The panel included Nikki Love, Vice President, Production and Development ALLBLK, AMC Networks; Lorna Osunsanmi, producer, writer of The CW's All American; Valerie Graves, author of "Pressure Makes Diamonds: Becoming the Woman I Pretended to Be"; Belinda Smith, CEO Americas m/six, and Brian Owens, Senior Vice President, Commerce Strategy, VMLY&R Commerce. It was an impressive lineup of those who have been shattering ceilings for quite some time. Several reflected on their starts, and all offered advice to those considering careers in television and advertising.

"When I was young, I was just initially just happy to be there," Graves recalled. "I was very focused on kind of being one of the guys. I started my career as one of two women [among] 22 men in a car group -- as an experiment."

Graves worked with a creative director who took chances and wanted to "see if girls had anything to say about cars," she continues. "Well, I happen to have been born in one of those places where you grew up with gasoline in your veins, so I knew something about cars. I cared about cars. I loved cars. And it was easy for me to feel like I had something to contribute in that way, but to contribute as a Black person."

Also recalling her early years, Smith said, "When I was starting out in New York, a very long time ago, it was on the agency side. You tried to keep your head down and work hard, and whatever you got, you were really grateful for that. I think that fed into a system of it being easy to continually exclude and marginalize people who weren't white. We got to a moment in our careers, in our world, in our society, where you know enough is enough, and I'm grateful that there are so many leaders, like our guests today, like myself, who have the ability and the security to be able to stand up and say, 'I'm not doing it anymore.'

"What I have seen now, and what I try to embody in my work, is assuming that I deserve to be here just as much as everyone else," she added.

Recognizing the fulcrum of true change, Owens noted that we are "at a really cool tipping point," where diversity and inclusion discussion and action have long moved from the sidelines.

"Internally, as well as externally, what are you doing within the community, [and] what are you doing in your organization to transform and better represent the communities that we serve?" he asked. "I would say it's not just about the picture.

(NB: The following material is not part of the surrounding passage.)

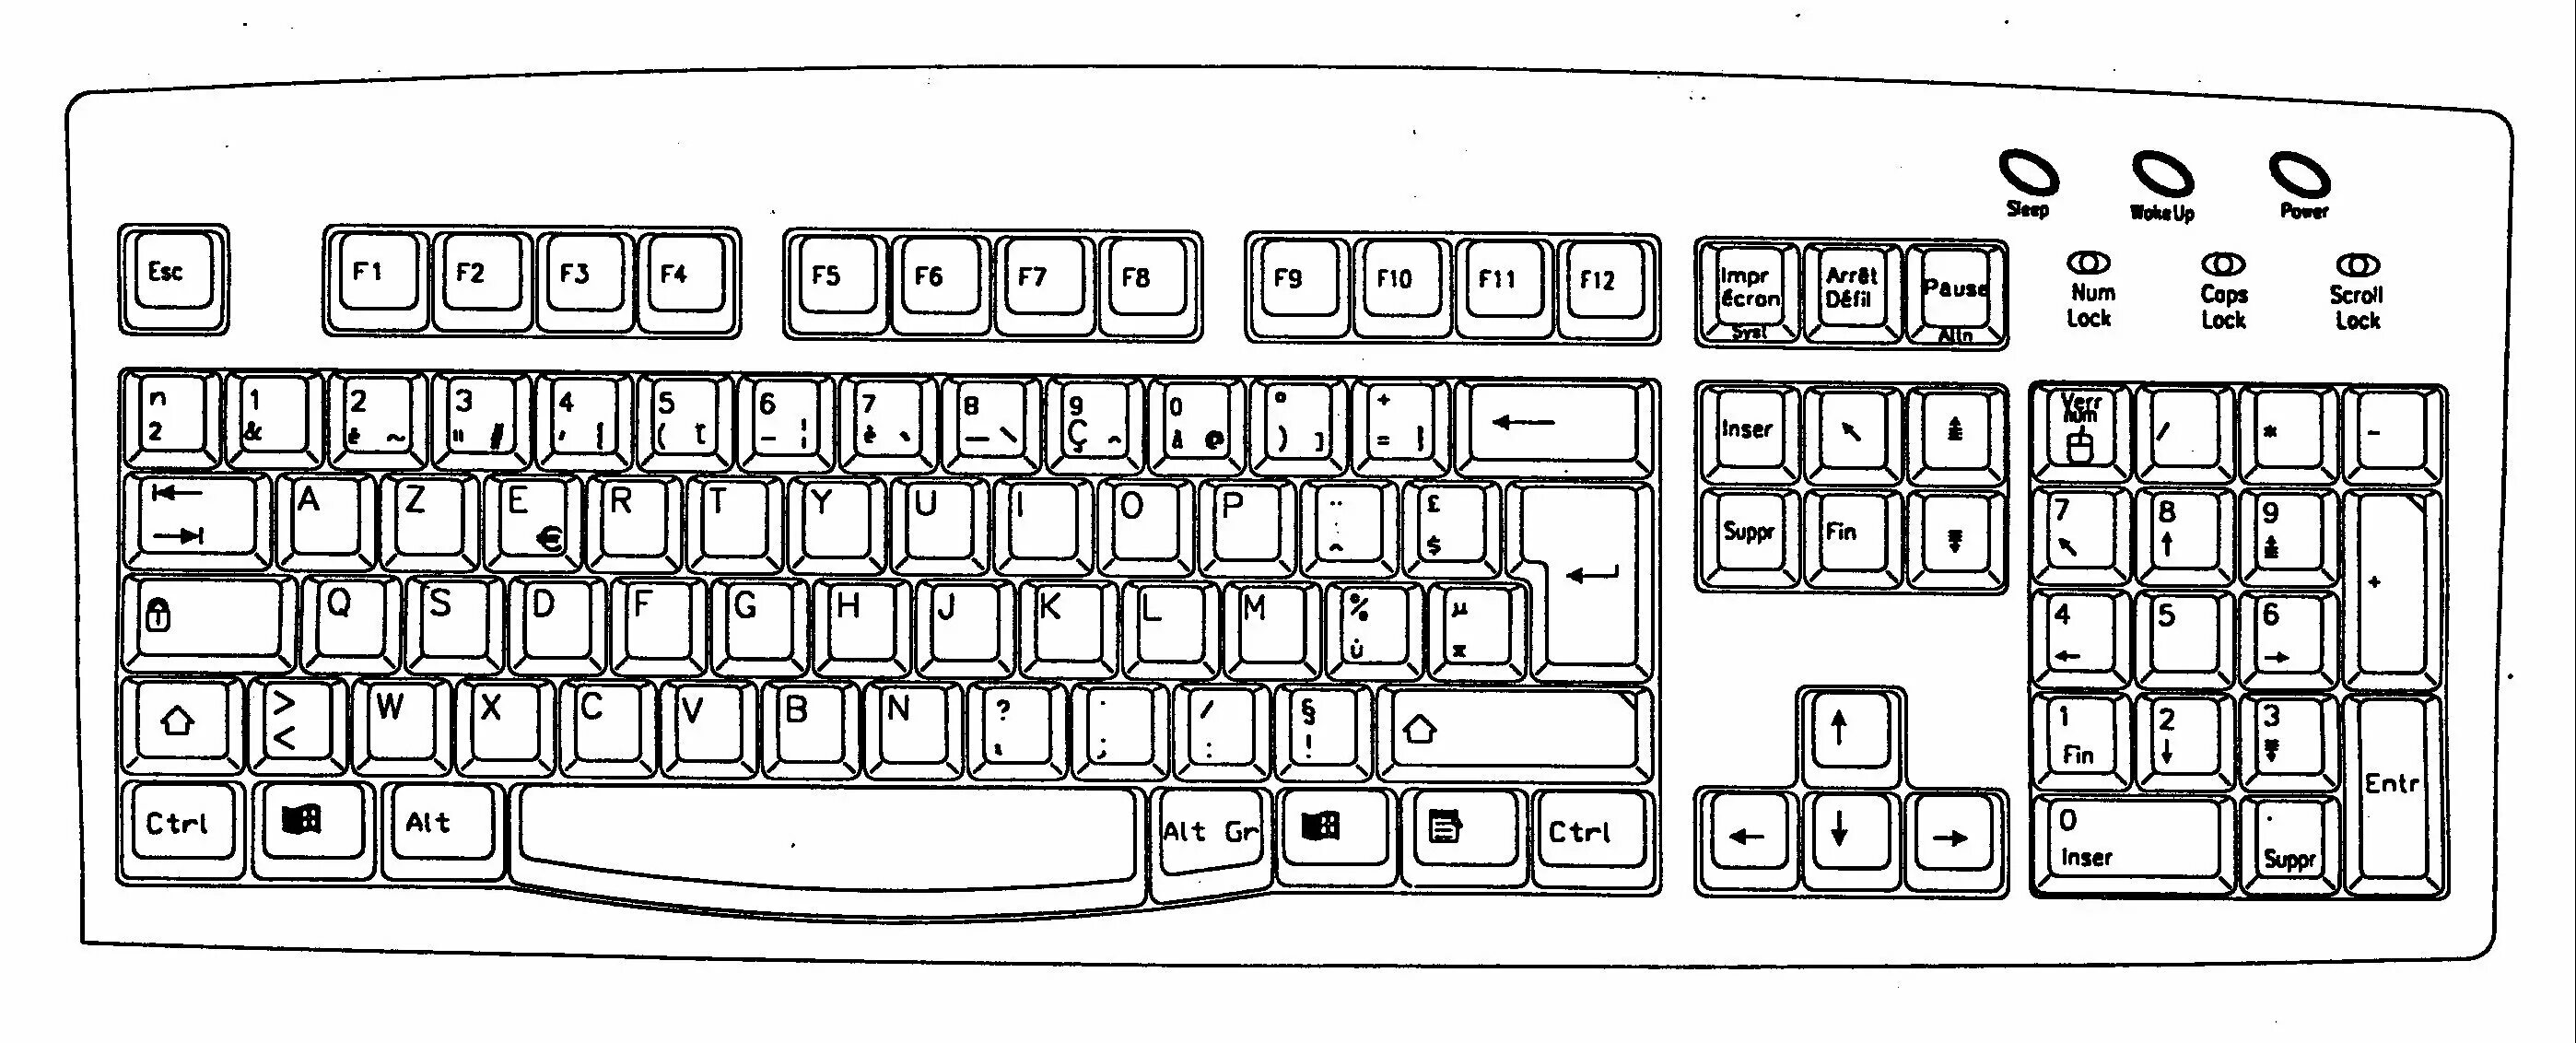 Распечатать раскладку клавиатуры компьютера. Клавиатура схема расположения клавиш. Схема клавиатуры компьютера игровая. Клавиатура 80 % схема раскладки. Чертеж клавиатуры компьютера.
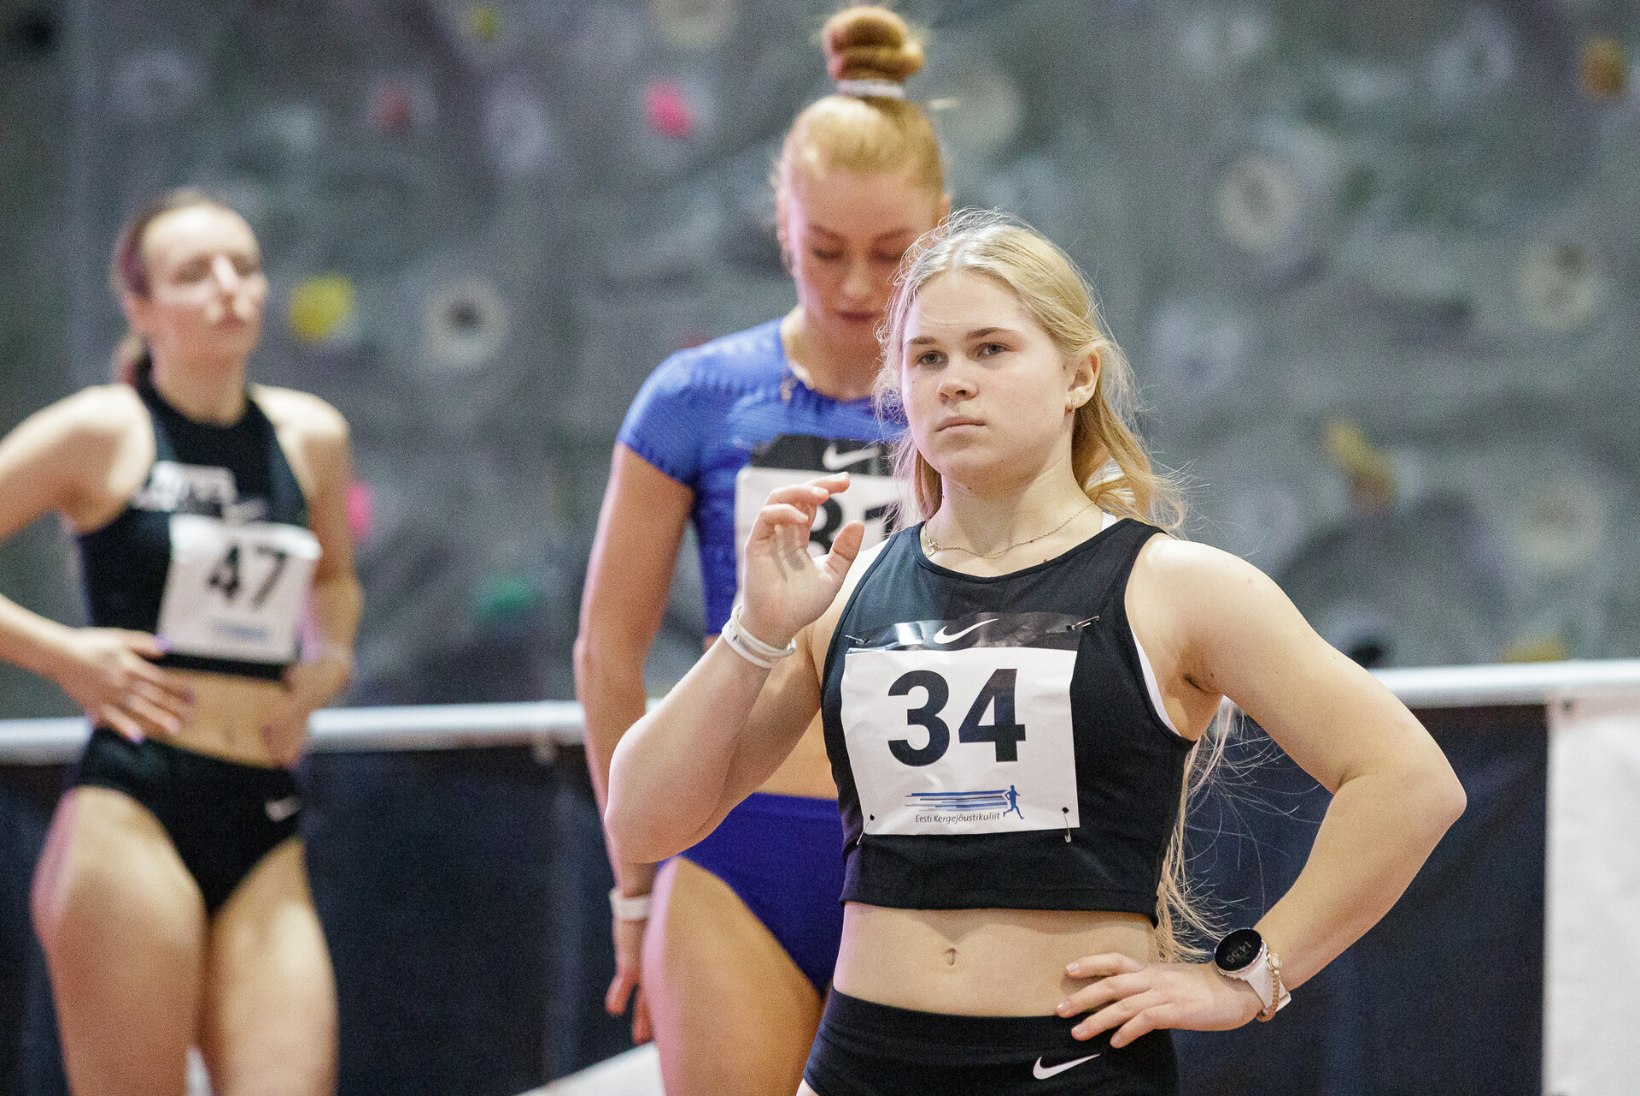 Nutikas harjutamine tõstis 15aastase sprinteri Eesti naiste paremikku

It's not just about the cultural studio. I think there's a lot of soul-searching going on for folks who want to be allies. I'm seeing a lot of people stepping up to open doors for folks. At the end of the day, I think they're creative and the content is changing."

That content changes when people like Osunsanmi helm a show like All American.She has solid advice for burgeoning writers.

"The first thing people are going to ask is: 'What do you have?' and they're going to want to read it, and they're going to want to look at it, and they're going to want to watch it," she said.

As writers leave a bit of their soul on each page, they need to know "not to let your self-confidence be eroded by people who you perceive to be better or have people tell you, 'Oh, that's not really that great,' when they read it or look at it," she added.

All the panelists explained how they made it -- hard work, innovative ideas, and more hard work had a lot to do with it. They also offered excellent career advice for those starting in the media business.

Among the best advice for those trying to break into TV, advertising, producing and writing? "Humble yourself," Love advised. "Be willing to learn. Soak up all the knowledge that you can. Network like crazy, and don't take no for an answer. And, at the end of the day, build your own table and make them come and sit at your table! We've been so busy clamoring for the past years for the invite and waiting for people to acknowledge how good and dope our stories are -- just build your own table!"